Discussions: r/rust_gamedev
Brontefy Me
@hedgein (GitHub, Twitch) started a devlog series called Brontefy Me. This series walks through the development of games in the Bevy engine. There are two episodes released so far. The first episode focuses on getting up and running with the engine, and the second episode starts expanding into game mechanics.
Tooling Updates
Vismut 0.5
Vismut (GitLab, Zulip) by @lukors will be a procedural texturing tool.
Version 0.5 contains a brand new backend to create a better base for future improvements. A blog post describes the differences between the old and the new architecture.
Graphite
Graphite (website, GitHub, Discord, Twitter) is a free in-development raster and vector 2D graphics editor. It will be powered by a node graph compositing engine that supercharges your layer stack, providing a completely non-destructive editing experience.
The past month’s Sprint 14 has focused on further editor features and UX improvements:
-
It’s your type: The Text tool now provides over 1400 fonts with bold/italic styles from the Google Fonts library.
-
Oh snap!: A refactor and polish pass on the snapping system provides better clarity and consistency. And shapes now have outlines on hover and selection for easier targeting.
-
Have a dialog: Supported by a refactor that moved dialog layouts into the Rust backend, users can now create new documents of specified sizes and export artwork as PNG/JPG with new File menu dialogs.
-
Pack it up: The web component of the stack was finally upgraded to Webpack 5 which cleans up a mess of outdated dependencies.
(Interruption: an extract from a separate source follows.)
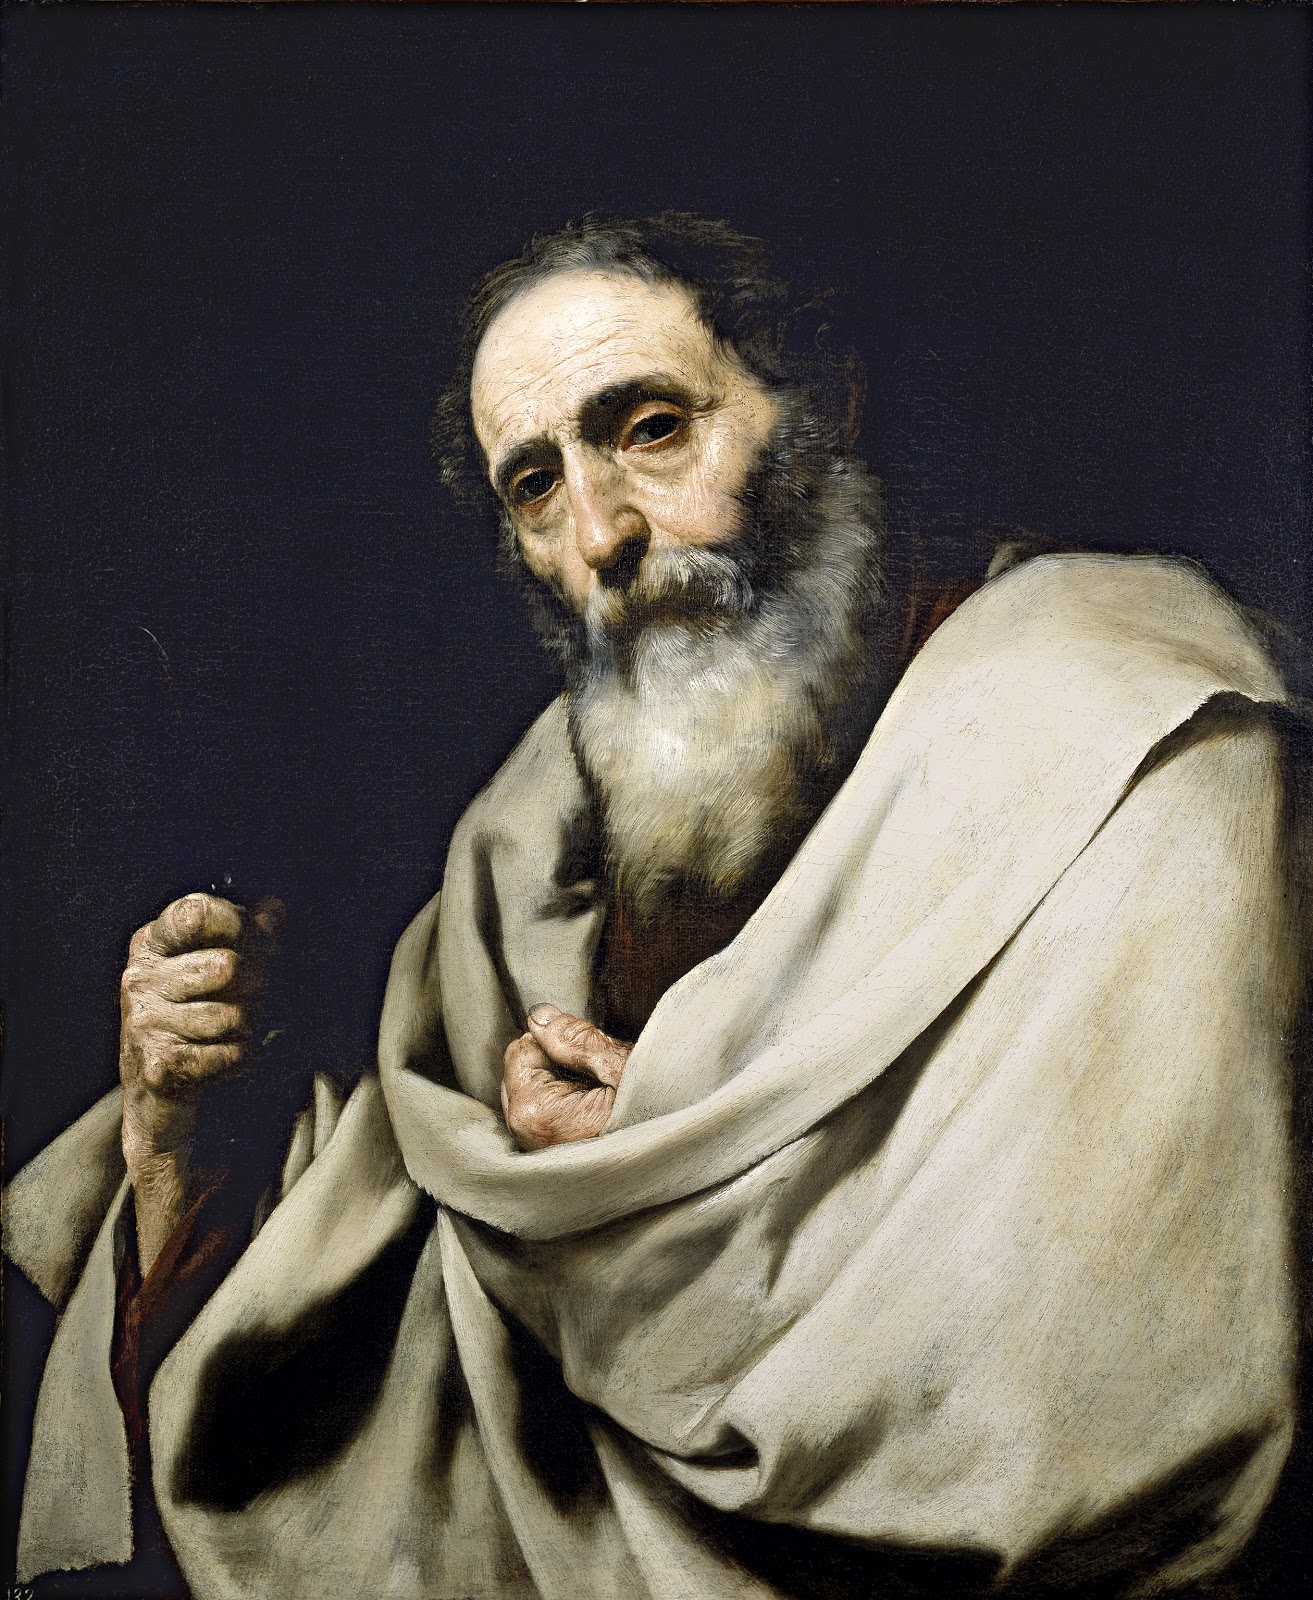 Jusepe+de+Ribera-1591-1652 (45).jpg

Open the editor in your browser and give it a try.
Library Updates
Notan v0.3.0
Notan is a simple and portable layer designed to create your own multimedia apps on top of it without worrying about platform-specific code.
The main goal is to provide a set of APIs and tools that can be used to create your project in an ergonomic manner without enforcing any structure or pattern, always trying to stay out of your way. The idea is that you can use it as a foundation layer or backend for your next app, game engine, or game.
The latest version v0.3.0 comes with audio support for all platforms using as default backend oddio and symphonia.
Other News
- Other game updates:
- Last of the Sky Folk is a grapple-hook based platformer created for LD50.
- Heute Nicht rythm game is another LD50 submission.
- Other learning material updates
- PhaestusFox started a Bevy tutorial servies and 0.6 to 0.7 Migration Guide YouTube series.
- @TantanDev released a “Rust multi-threading code review” video.
- Other library updates:
- tween is an std-optional tweening library, designed for use in games and animations.
- cosync provides a single-threaded, sequential, parameterized async runtime.
- SuInput is an input system designed to give pancake and XR applications access to a huge range of input devices while minimizing the amount of complexity needed to support them.
- bevy_blender v0.2 with lots of new features is out.
Requests for Contribution
- Graphite is looking for contributors to help build the new node graph and 2D rendering systems.
- winit’s “difficulty: easy” issues.
- Backroll-rs, a new networking library.
- Embark’s open issues (embark.rs).
- wgpu’s “help wanted” issues.
- luminance’s “low hanging fruit” issues.
- ggez’s “good first issue” issues.
- Veloren’s “beginner” issues.
- Amethyst’s “good first issue” issues.
- A/B Street’s “good first issue” issues.
- Mun’s “good first issue” issues.
- SIMple Mechanic’s good first issues.
- Bevy’s “good first issue” issues.
Jobs
- DIMS
(Stockholm/Remote)
- Tools Programmer
- Internship: Game Design
- Embark Studios
(Stockholm/Hybrid Remote)
- Various roles
That’s all news for today, thanks for reading!